▸ **Instructions for the task**: Every line of the listing should be retyped exactly, but none of the pictures should be.

▸ **Provided data**:
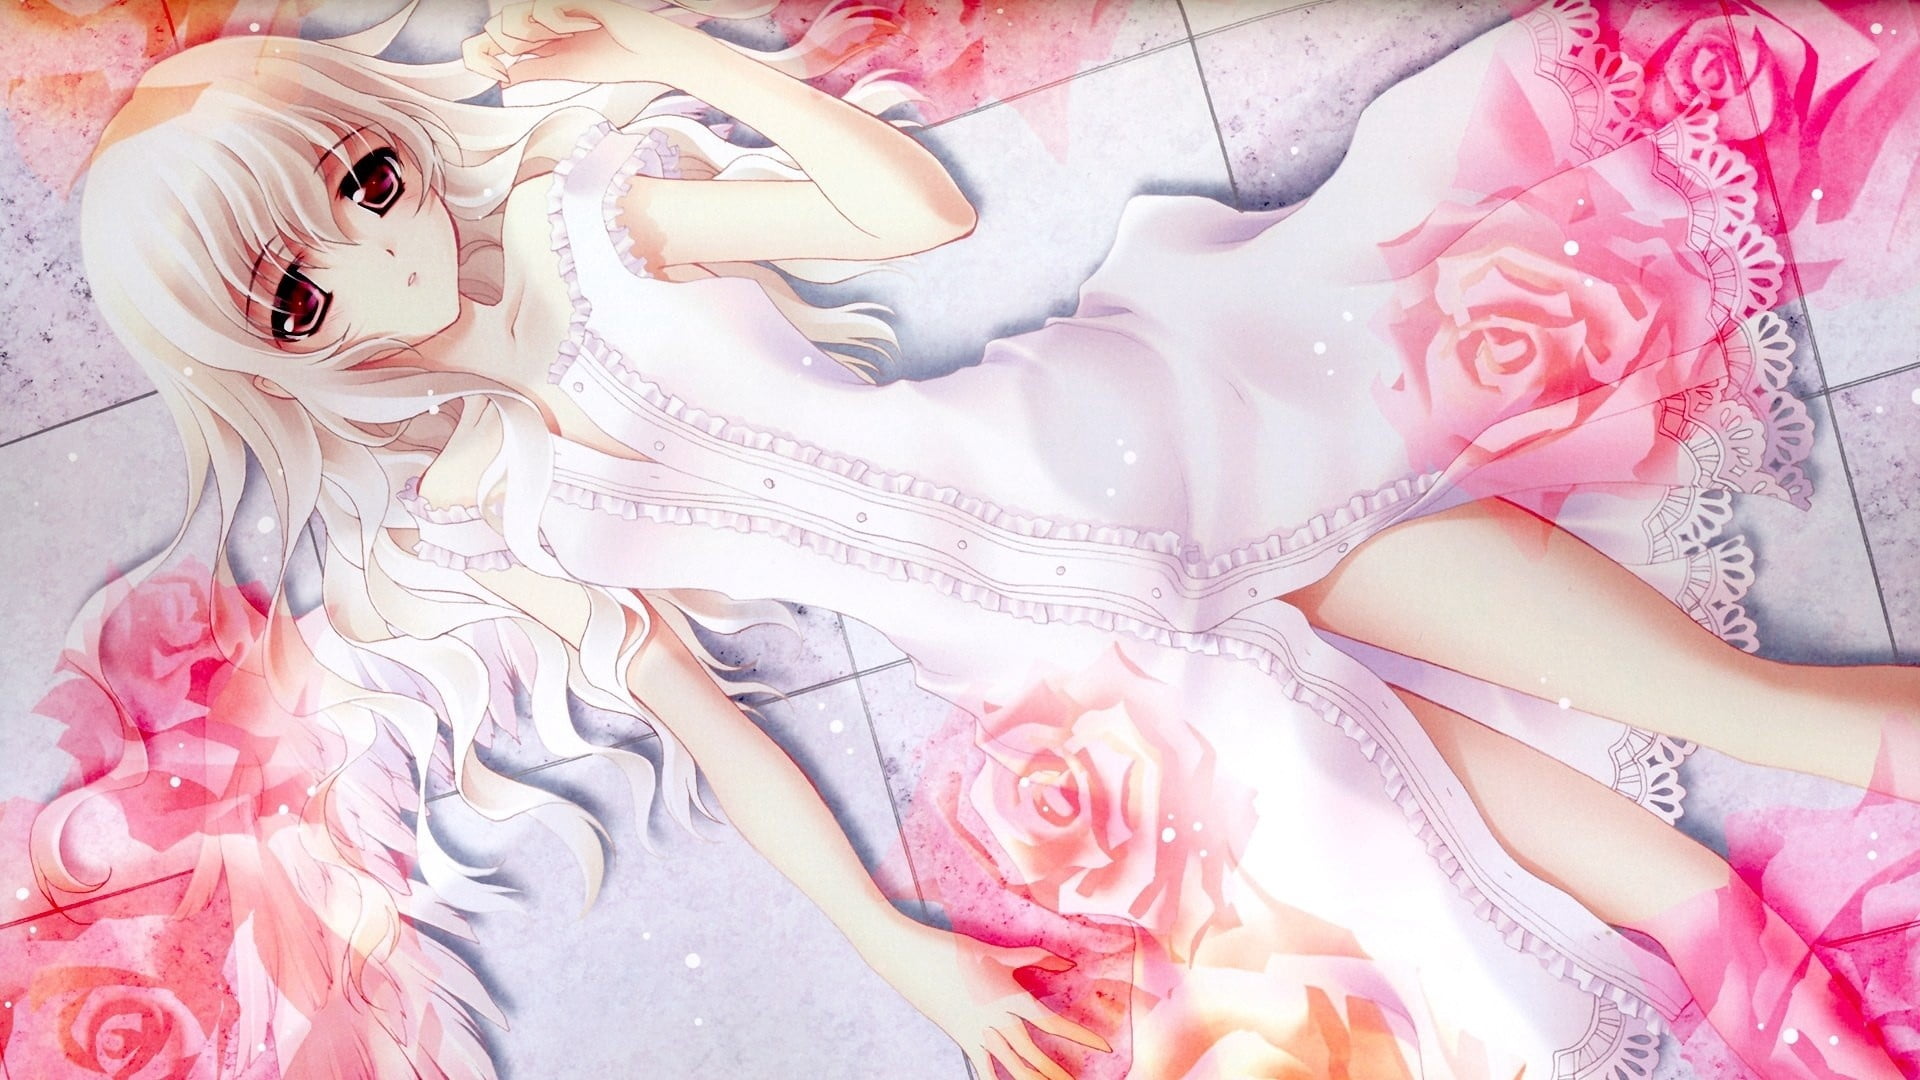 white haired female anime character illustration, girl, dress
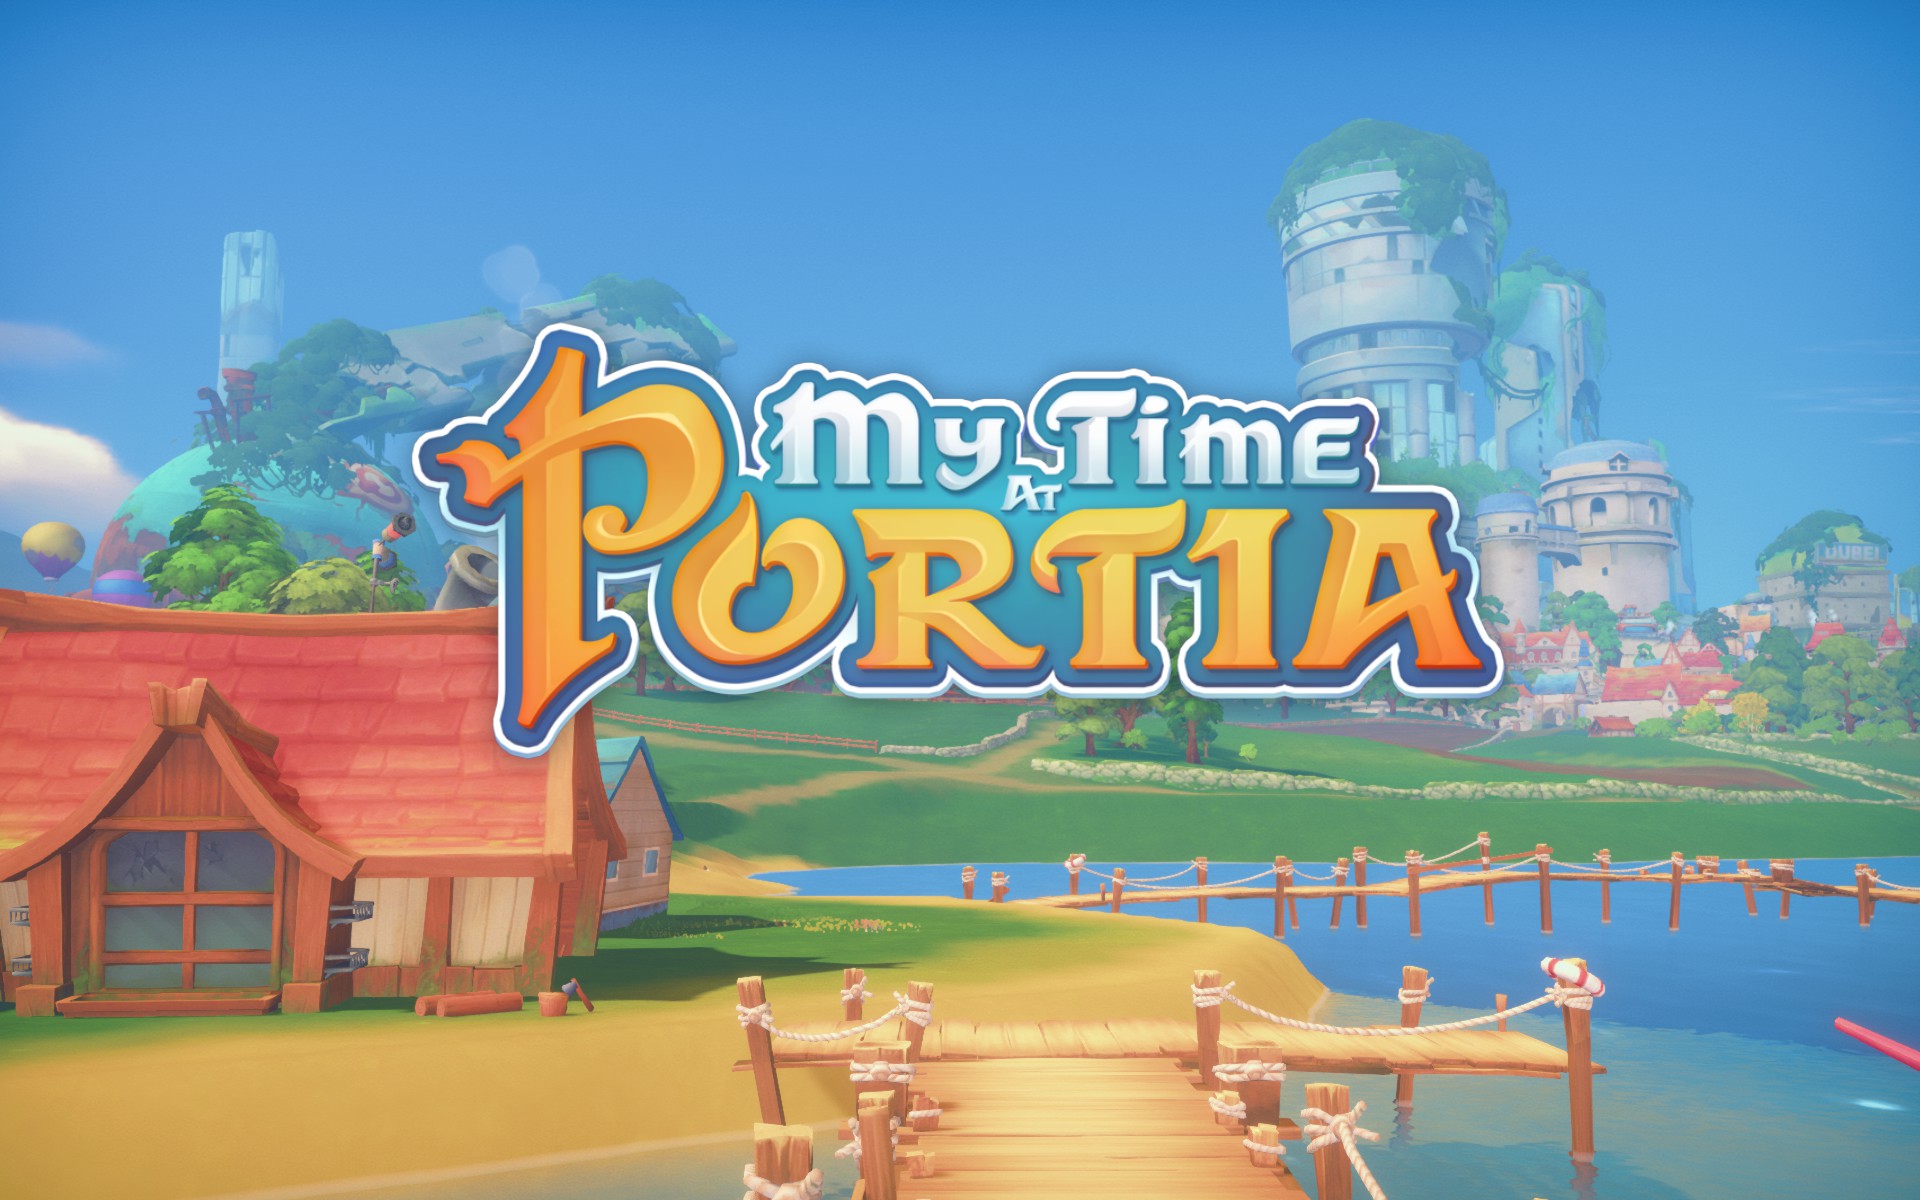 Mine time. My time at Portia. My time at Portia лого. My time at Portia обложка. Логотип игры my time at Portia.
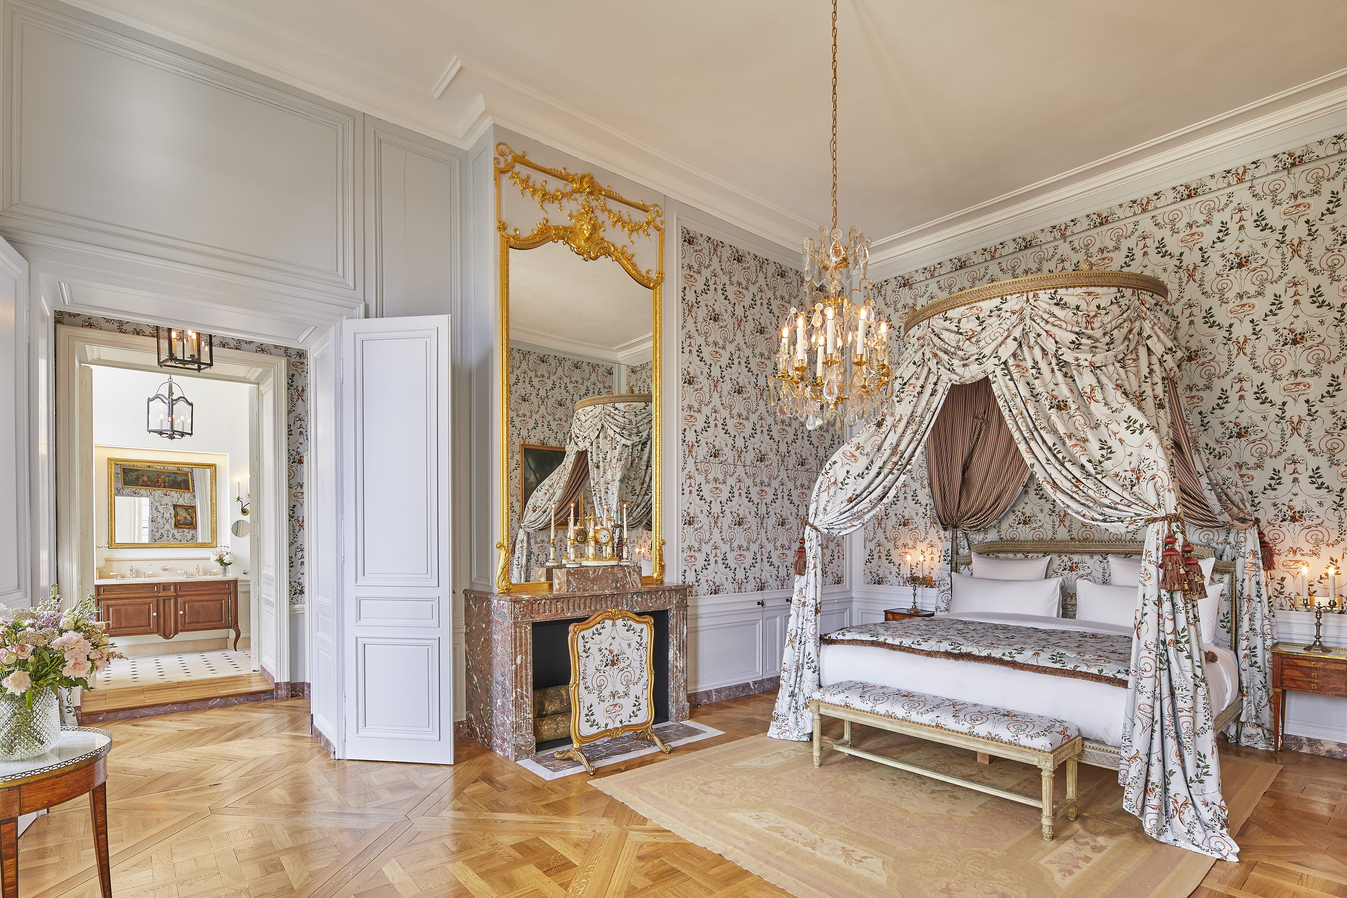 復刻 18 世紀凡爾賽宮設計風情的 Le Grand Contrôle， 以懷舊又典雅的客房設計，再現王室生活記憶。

▸ **Answer to this problem**:
 white haired female anime character illustration, girl, dress
 Mine time. My time at Portia. My time at Portia лого. My time at Portia обложка. Логотип игры my time at Portia.
 復刻 18 世紀凡爾賽宮設計風情的 Le Grand Contrôle， 以懷舊又典雅的客房設計，再現王室生活記憶。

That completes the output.